━━━ Information given ━━━
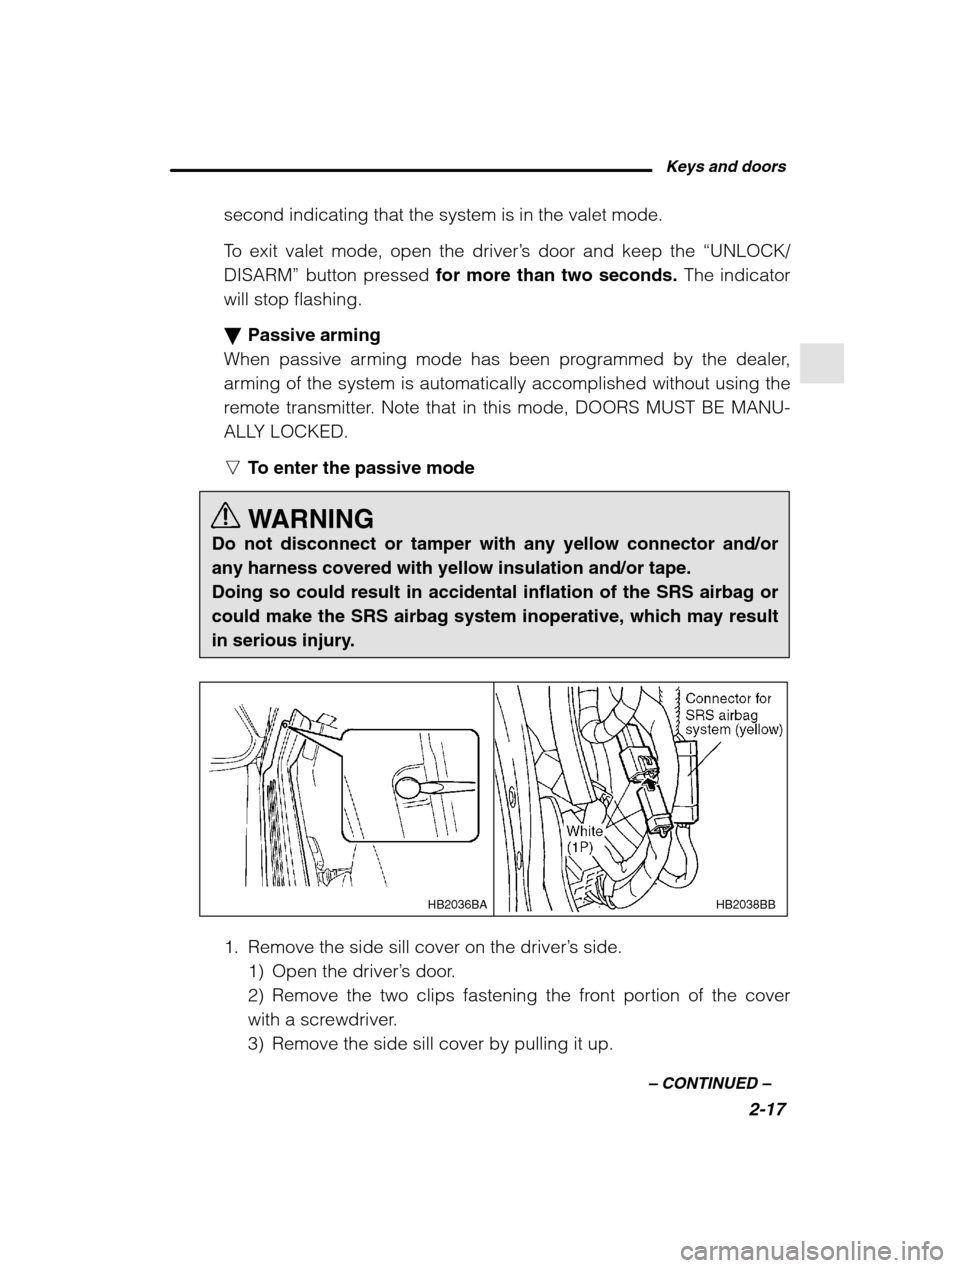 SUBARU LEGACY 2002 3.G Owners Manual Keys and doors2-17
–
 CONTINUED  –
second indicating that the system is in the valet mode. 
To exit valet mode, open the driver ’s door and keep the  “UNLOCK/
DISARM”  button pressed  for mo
━━━
What you have to do »
The response must repeat all the lines above exactly and include no pictures.

Solved exercise »
 SUBARU LEGACY 2002 3.G Owners Manual Keys and doors2-17
–
 CONTINUED  –
second indicating that the system is in the valet mode. 
To exit valet mode, open the driver ’s door and keep the  “UNLOCK/
DISARM”  button pressed  for mo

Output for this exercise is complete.